Im curious, is there a way to use pressure/vacuum without a pressure pot? Please advise. I want to start doing this, minus the dangers of pressure pot..

I've seen vacuum chambers online that people have made from PVC pipe. I would be careful if using it for pressure though. I guess it all depends on how much pressure you're using.
 
Dan -- The Wilton colors that we have around are in a sugar base, but are diluted with water or alcohol so the concentration is not high. Wood does have some sugars in it, so that does not seem to be an issue.

Food Colors are not especially color fast, and will fade pretty fast in extended exposure to sunlight. My wife uses the wilton colors to dye fibers for spinning/weaving where color fast is not a concern. The Dharma Trading colors are more complex to use, but are long long lasting, even with a pretty good dose of sunlight over time.

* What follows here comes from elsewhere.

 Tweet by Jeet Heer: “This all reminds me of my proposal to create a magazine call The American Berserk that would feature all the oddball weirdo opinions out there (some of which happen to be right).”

Some neat effects can happen with dyes being sanded back and re-dyed with a different color. The wilder the grain, the better the contrasts.
 
wood dyeing

I have a chamber vacuum sealer that I use for my culinary exploits. Would this be effective to force ink deep into the wood? They would be in individual bags vacuum sealed.
 
I'm in the process of learning to dye blanks too. I have tried the alumilite dyes in Cactus juice trying to stabilize and dye at the same time with little luck. Has anyone tried the alumilite dye dissolved in Isoprophyl Alcohol? Was thinking of trying to make up a enough in a small container to cover the blank and put it under vacuum to get it to absorb into the blank better.
 
I use dye from this company. http://www.dharmatrading.com/html/eng/3796-AA.shtml?lnav=dyes.html
They work well on wood and come in a lot of colors. Instead of mixing with water, I use DNA and get good results. For vacuum I use my wifes food saver, really helps suck the dye into the wood.
Does anyone know how powerful a vacuum this pulls compared to a Harbor freight pump? I think part of the issue might be the strength of vacuum. I have a food saver and could use it with a trap type jar without worrying, but I don't think it really pulls much vacuum.

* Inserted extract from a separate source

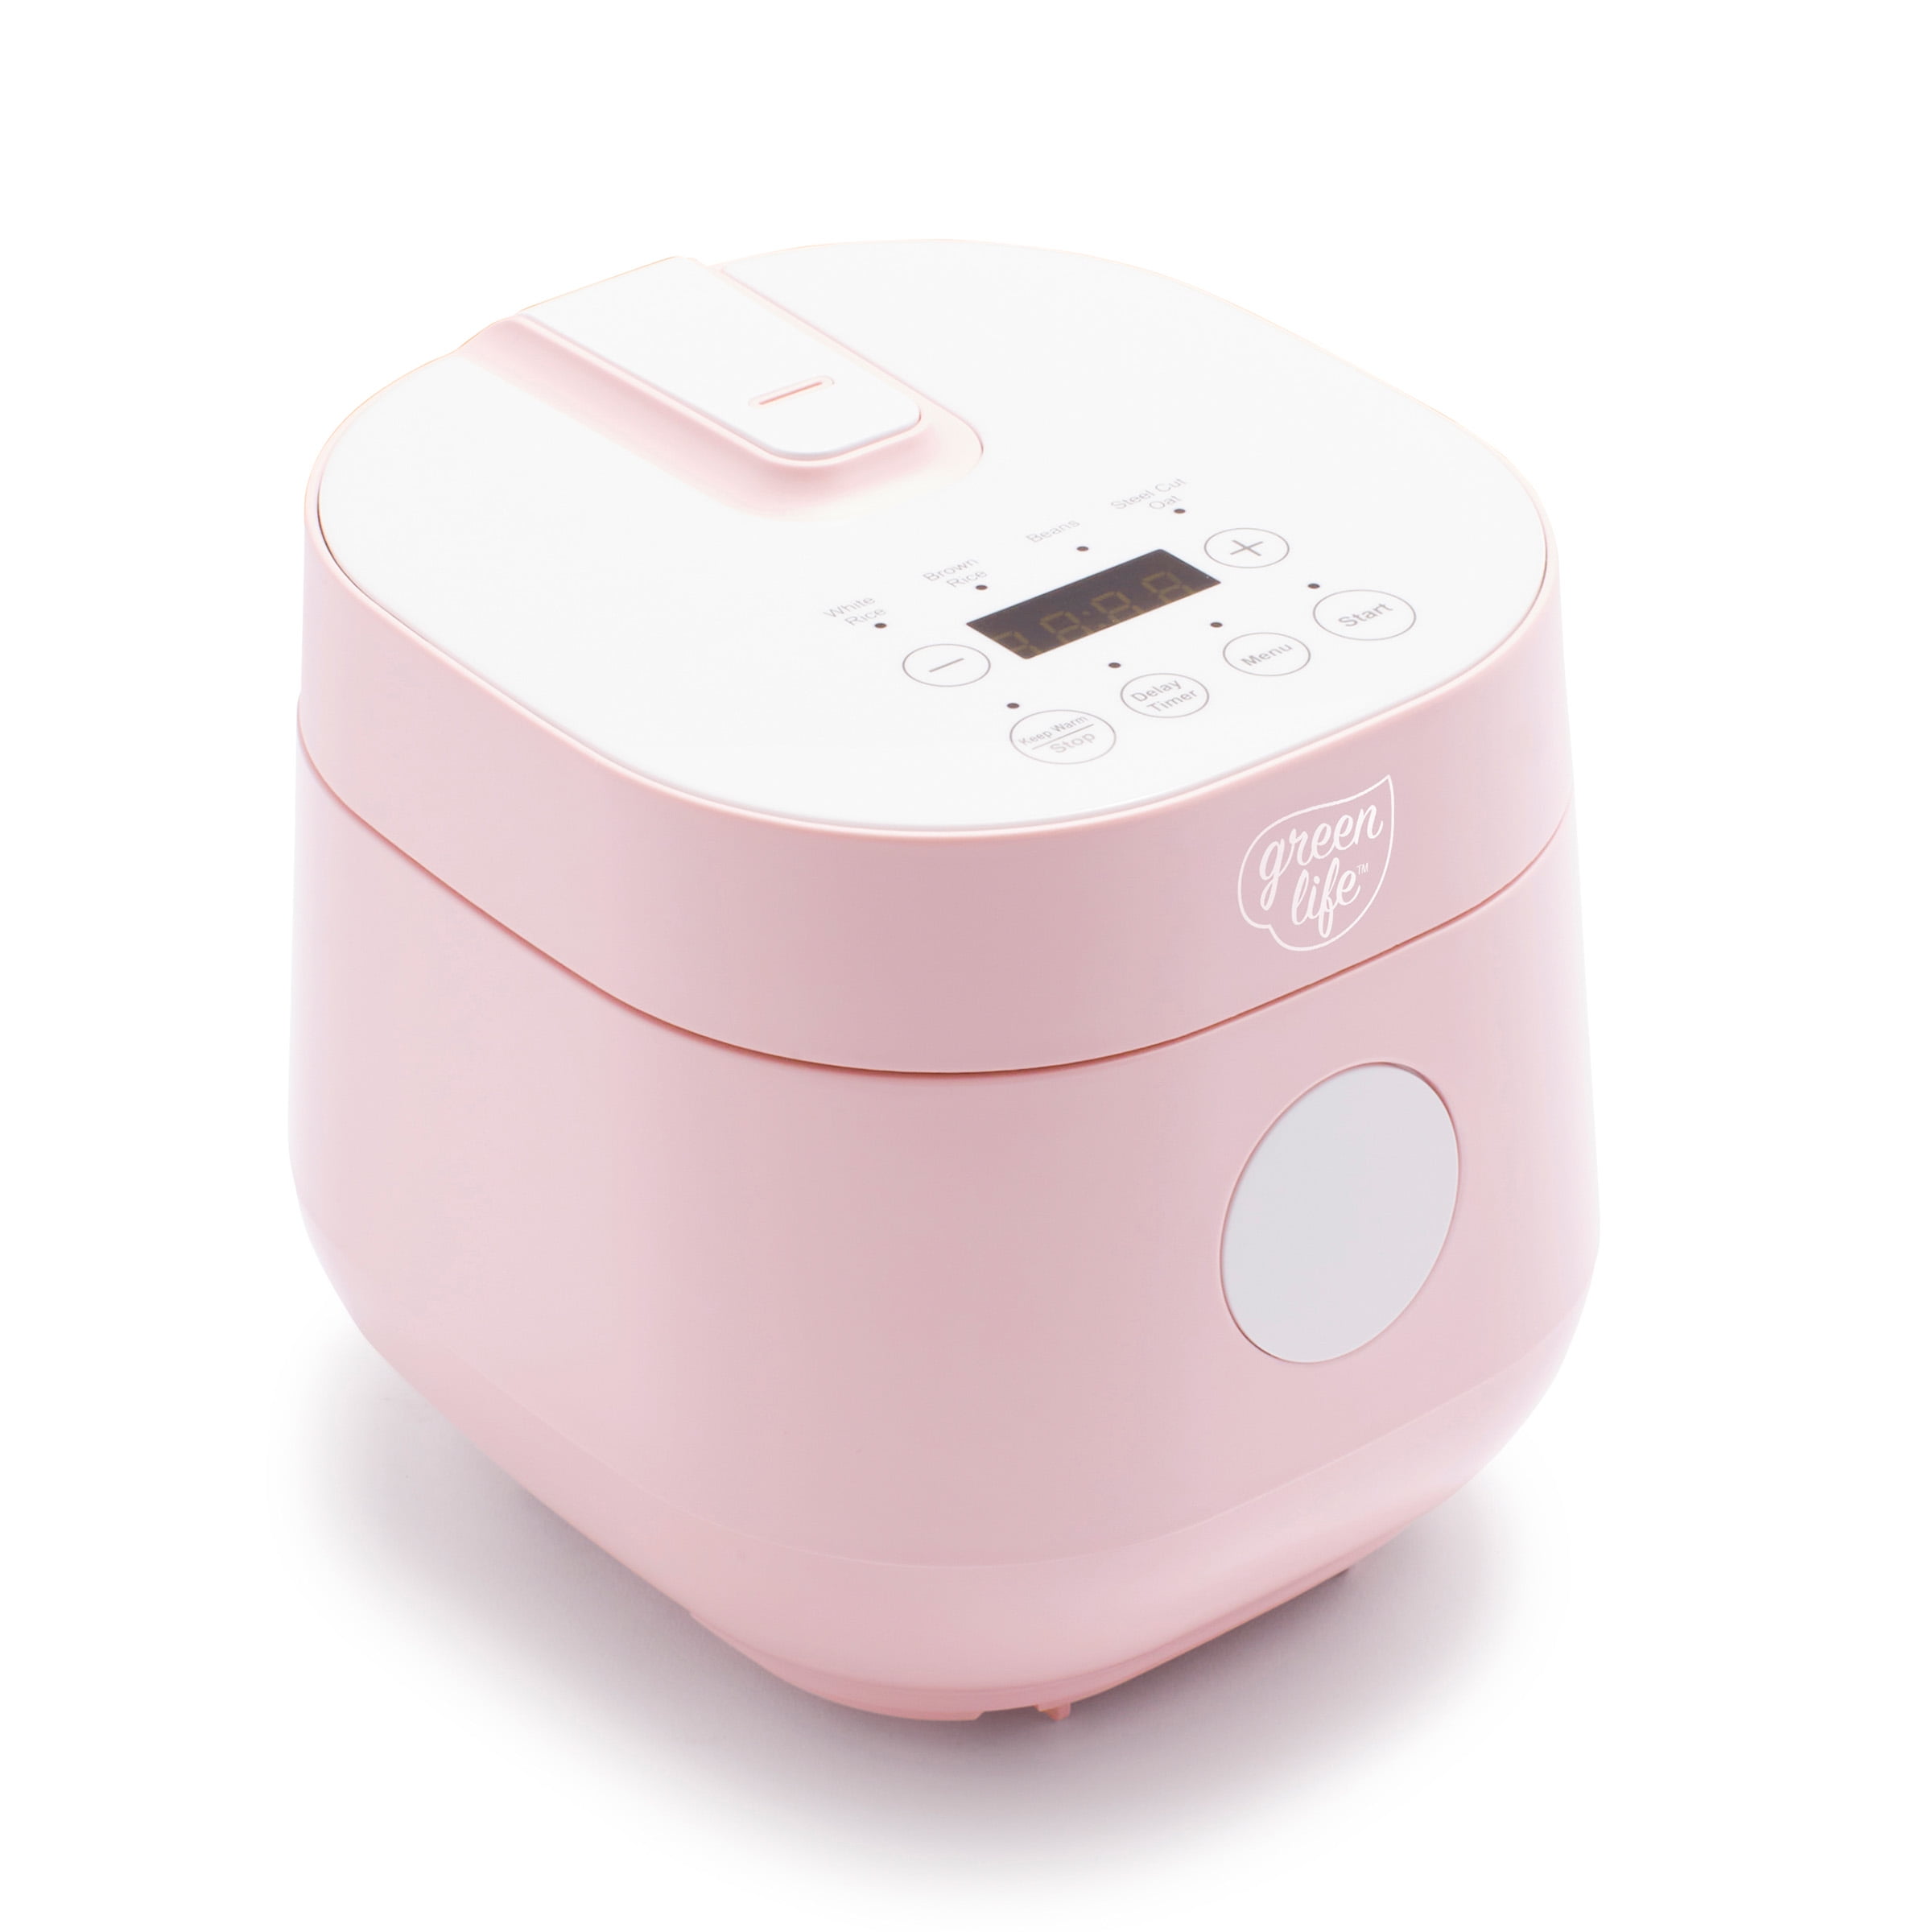 Mini Rice Cooker 1-1.5 Cups Uncooked(3 Cups Cooked), Rice Cooker Small with  Bento Box, Removable Nonstick Pot, One Touch&Keep Warm Function, Portable

Does anyone use the large Ball jars as a primary container with small ball jars as a secondary? I was thinking something like a 1 gallon or half gallon pickling jar for the primary, the a smaller one for secondary. It looks like the lid size may not vary much between sizes so it might not be possible to drop a small jar into a large one.

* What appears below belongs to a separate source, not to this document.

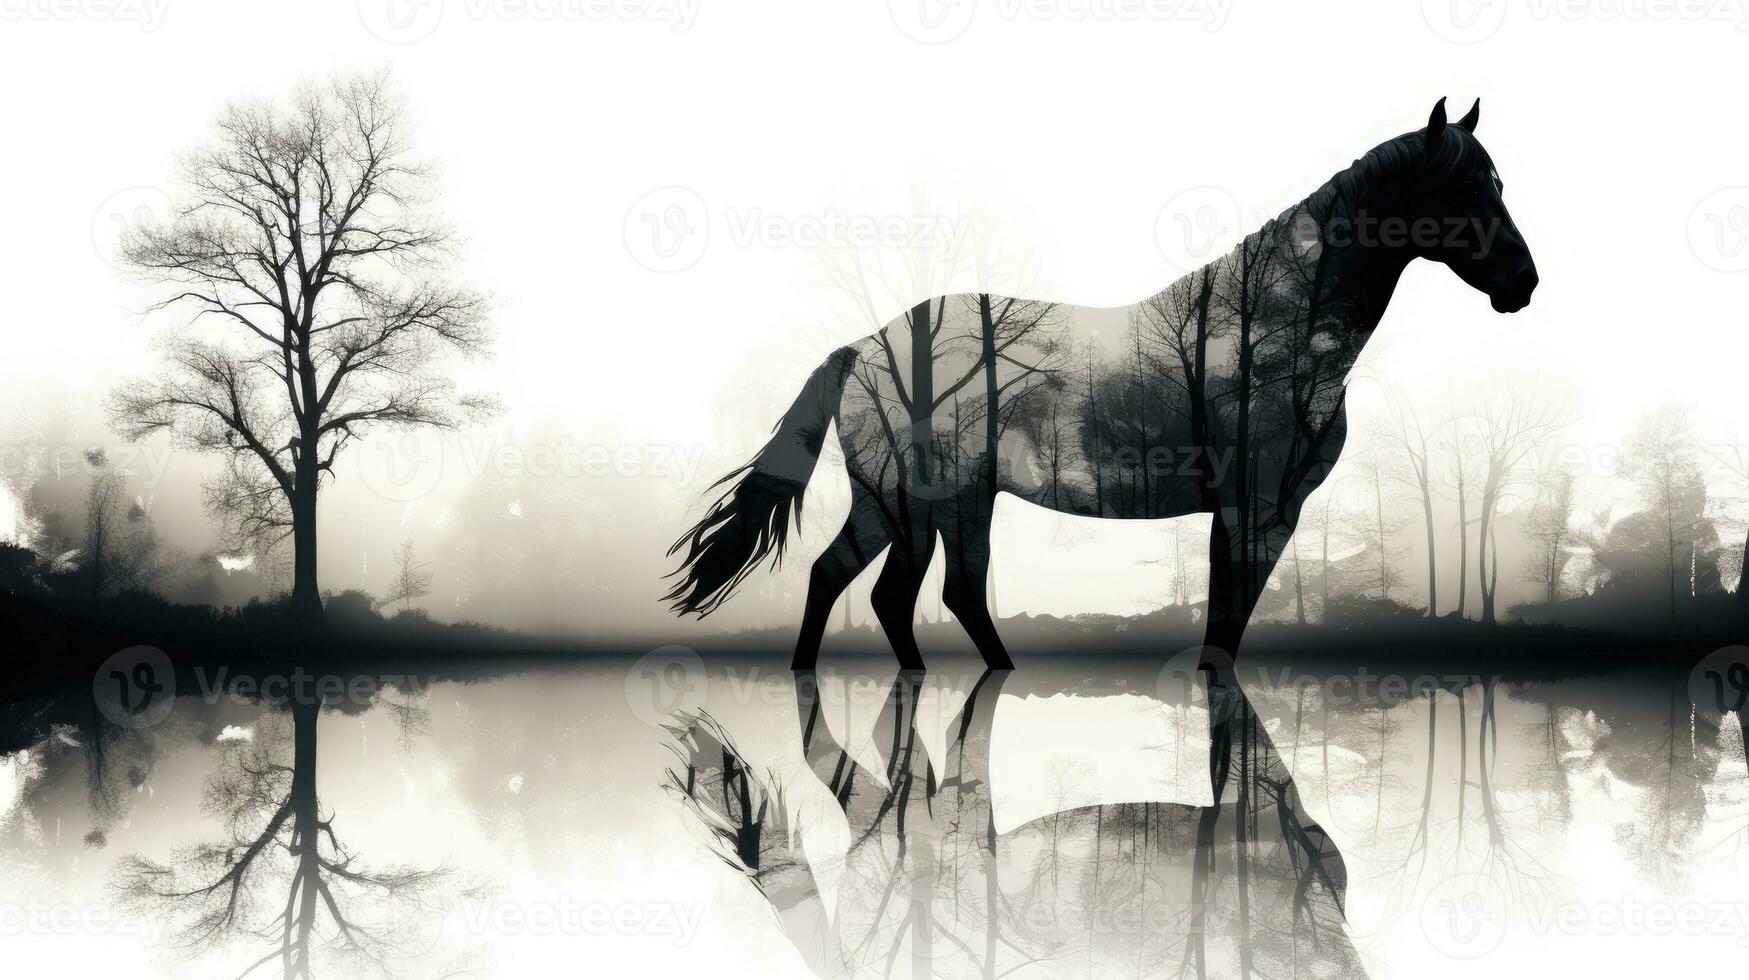 Black and white double exposure merging horse and trees to showcase their connection in nature photo

I want to dye pieces for a cutting board type glue up that will then need to be milled flat and square. I can lose the dye in places for a worn effect, but need it to be deep enough most of the wood will retain the dye color.
 
Well, I ordered the foodsaver mason jar adapter set, some 64 oz mason jars, and will use some DNA based dye. Maybe transfast since it has both colors available. Transtint does not have grey.
 
Well, that didn't work. At all. I was very hopeful when I started the process. A fair amount of air was bubbling out. I re-engaged the vacuum several times over the course of about 1.5 hours as the jar did not hold vacuum with the foodsaver adapter attached. Maybe if I took it off and put the ring on. The instructions indicated the top would seal wuth just the vacuum. More air came out each time I engaged the vacuum, so I thought that would have better results. I then left the blank out for 3 hours while the DNA evaporated. Once dry I split the blank using a chisel and mallet. The dye had only heavily penetrated, maybe 1/32 through the heartwood. The sapwood had a thorough penetration, but very light in color.

I grabbed a piece out of the scrap box to test. I believe it was hard maple. That may be part of the problem. Maybe a large part. I have some pine around I will repeat with. I suspect I will be ordering fixtures and a vacuum pump shortly though.